Lloyds Bank is enabling corporate customers to request digital Guarantees or Standby Letters of Credit under a new 'Paperless Guarantee' initiative.
The paper-free suite has been developed to support businesses who have a high volume of transactions requiring bank guarantees to be issued, promising instant delivery to recipients and operational and cost savings.
This is Lloyds Bank’s latest investment in supporting the move towards digitising trade and closely follows its successful completion of the first digital trade transaction under the UK’s new Electronic Trade Documents Act (ETDA) when it came into force last month. Lloyds Bank was also the first in the UK to complete a transaction utilising a digital promissory note purchase in August 2022. Last month, the bank also invested €3 million in technology company Enigio to expand its use of digital documentation in trade.
Gwynne Master, head of lending, trade & working capital at Lloyds, comments: “By working closely with our clients and their buyers and their sellers, we have a deep understanding of the nuances and challenges of trading internationally. Our latest development, the Paperless Guarantee initiative, offers clients a solution to some of those challenges. It is much more efficient, saves time, and removes costs. Removing the need for the physical delivery of paper is the future of trade and we are proud to be supporting our clients to achieve his with our new initiative.”

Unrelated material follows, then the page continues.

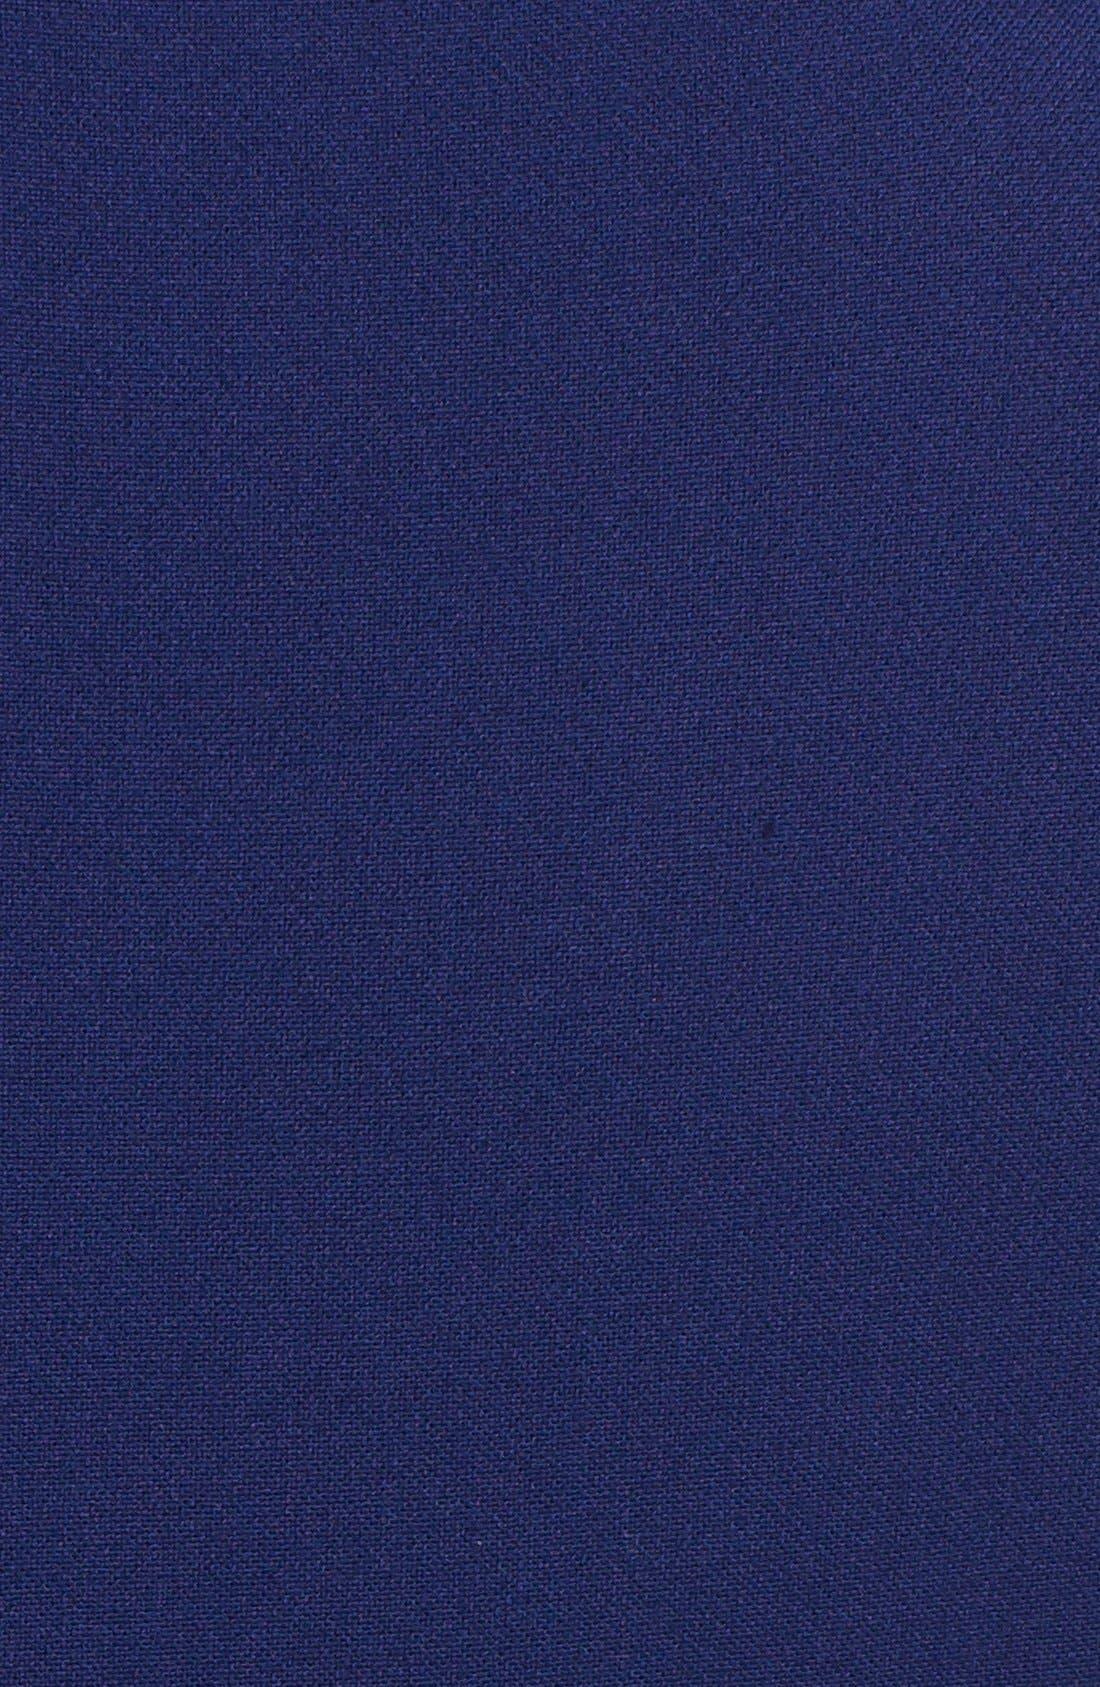 Alternate Image 3  - BCBGMAXAZRIA 'Hannah' Colorblock Fit & Flare Dress
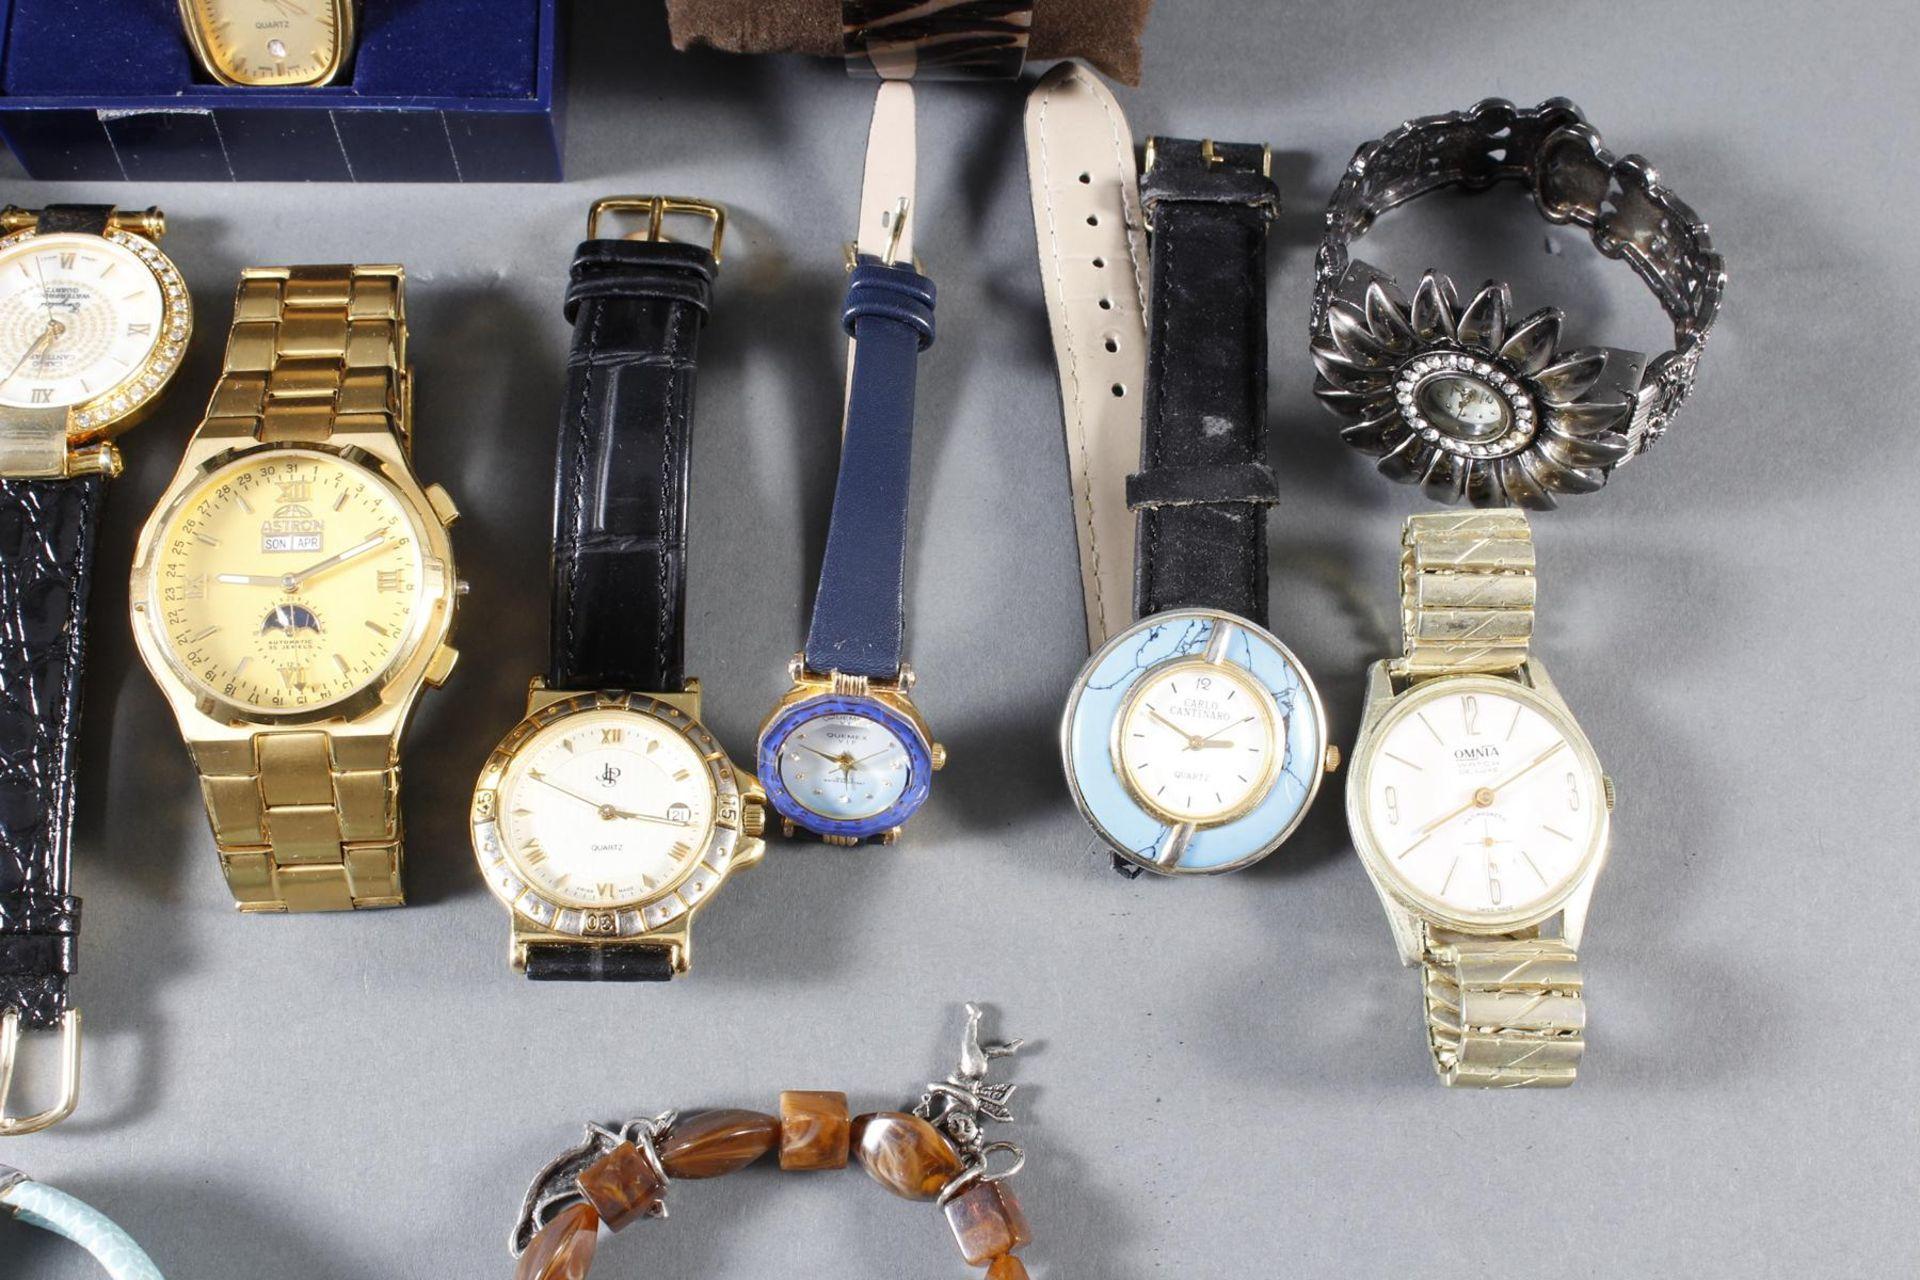 Konvolut Damen und Herrenarmbanduhren, 14 Stück - Bild 3 aus 7

UK travel trade body Abta is currently working with Lloyds to switch to a paperless format and is aiming to introduce this new process to other approved bond providers. When fully deployed, it estimates the change could eliminate the use of at least 3,500 pieces of paper each year.
Rachel Jordan, director of membership and financial protection at Abta, says: “As one of Abta’s approved bond providers, this initiative will not only speed up the bond renewal process for Abat members who are Lloyds Bank clients, it will also result in operational efficiencies and cost savings.”